## Exercise requirements:
Reproduce all the data exactly, without pictures.

## Recorded information:
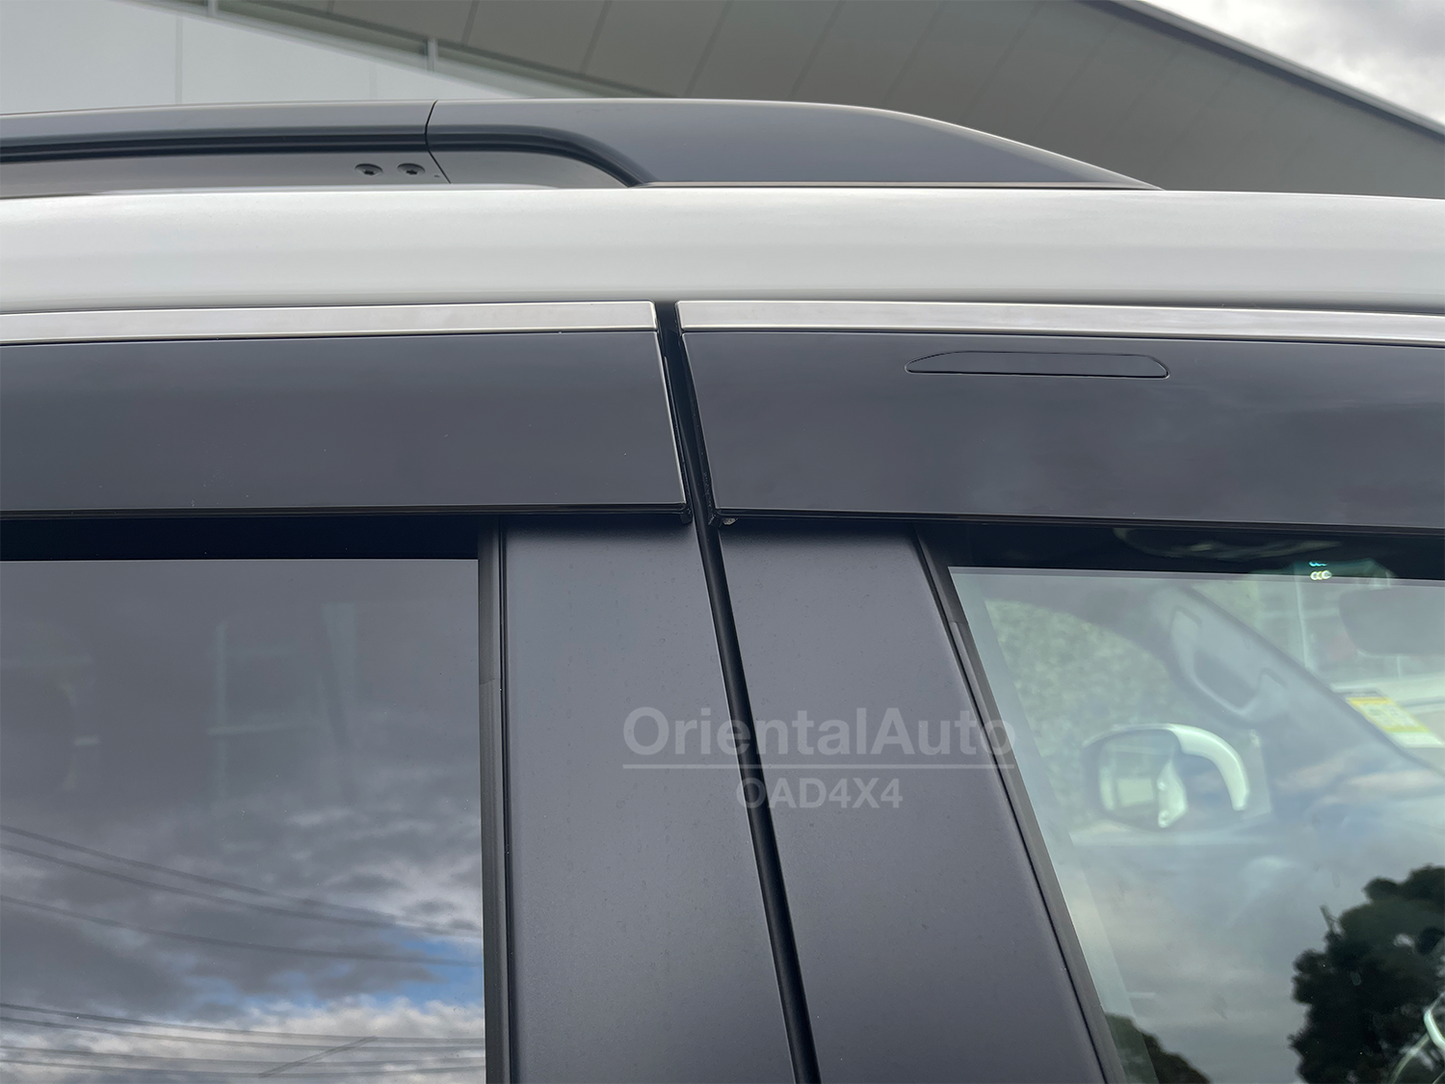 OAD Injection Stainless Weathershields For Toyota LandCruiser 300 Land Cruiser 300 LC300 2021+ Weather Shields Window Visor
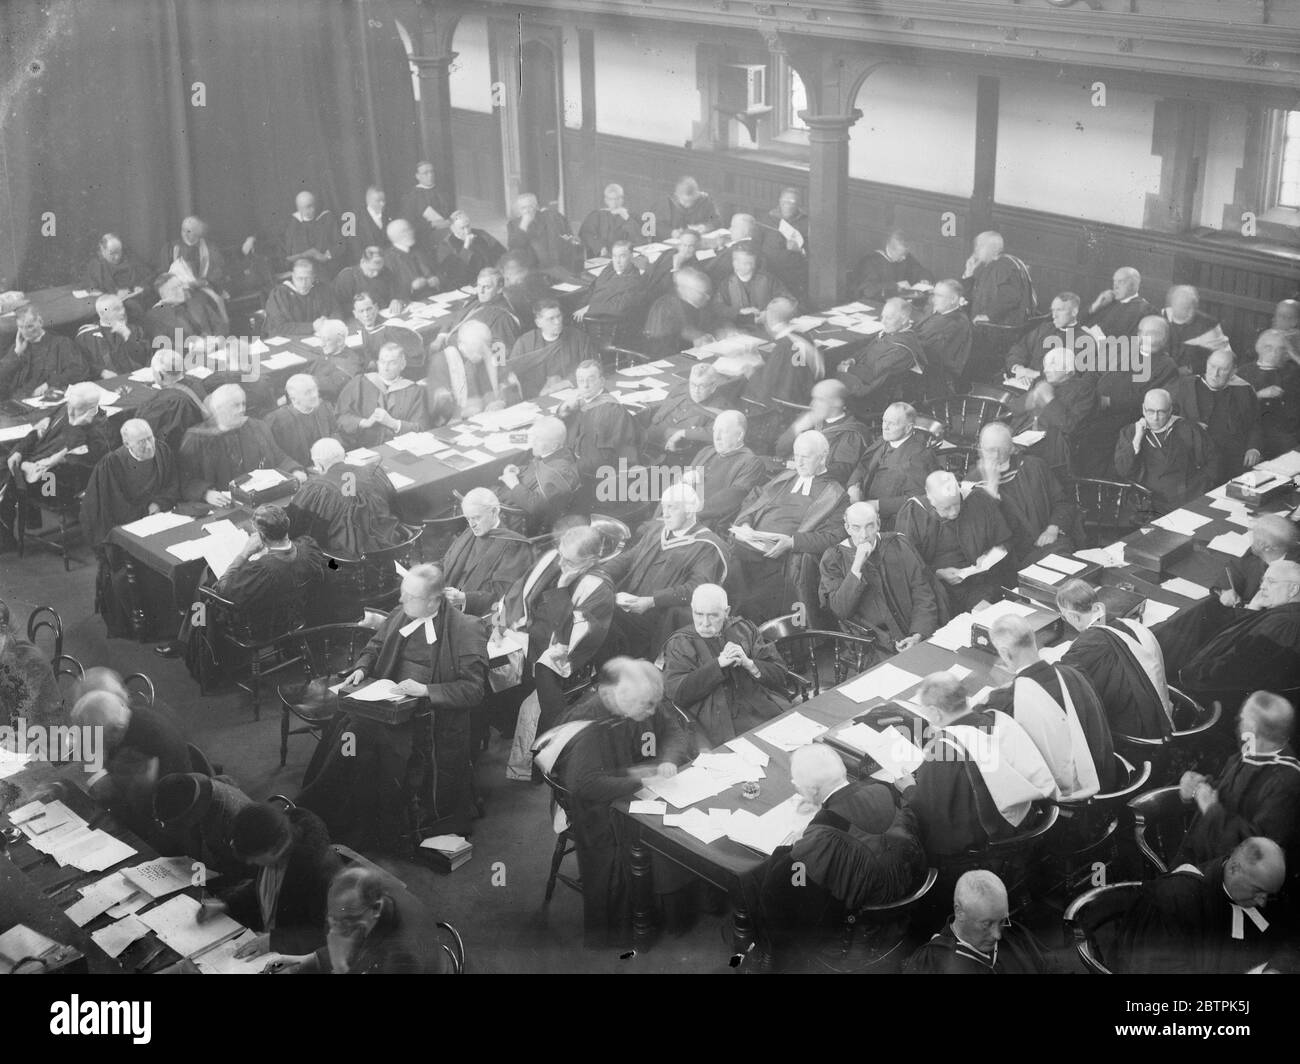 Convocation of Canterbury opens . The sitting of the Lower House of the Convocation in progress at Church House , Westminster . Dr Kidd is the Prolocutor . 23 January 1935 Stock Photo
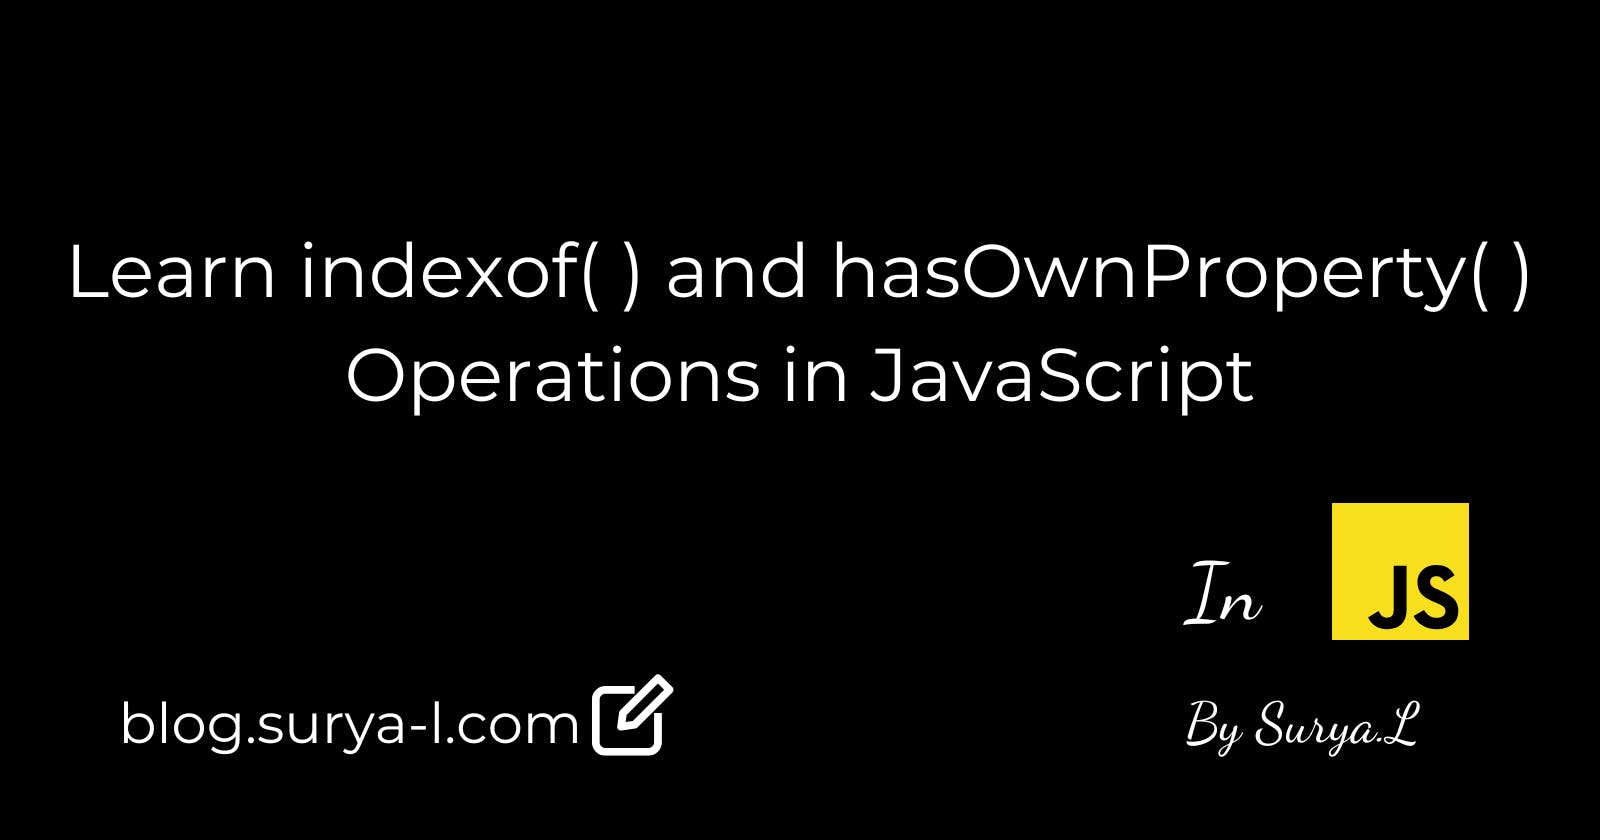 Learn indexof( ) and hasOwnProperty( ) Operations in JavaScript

## Answer space:
 OAD Injection Stainless Weathershields For Toyota LandCruiser 300 Land Cruiser 300 LC300 2021+ Weather Shields Window Visor
 Convocation of Canterbury opens . The sitting of the Lower House of the Convocation in progress at Church House , Westminster . Dr Kidd is the Prolocutor . 23 January 1935 Stock Photo
 Learn indexof( ) and hasOwnProperty( ) Operations in JavaScript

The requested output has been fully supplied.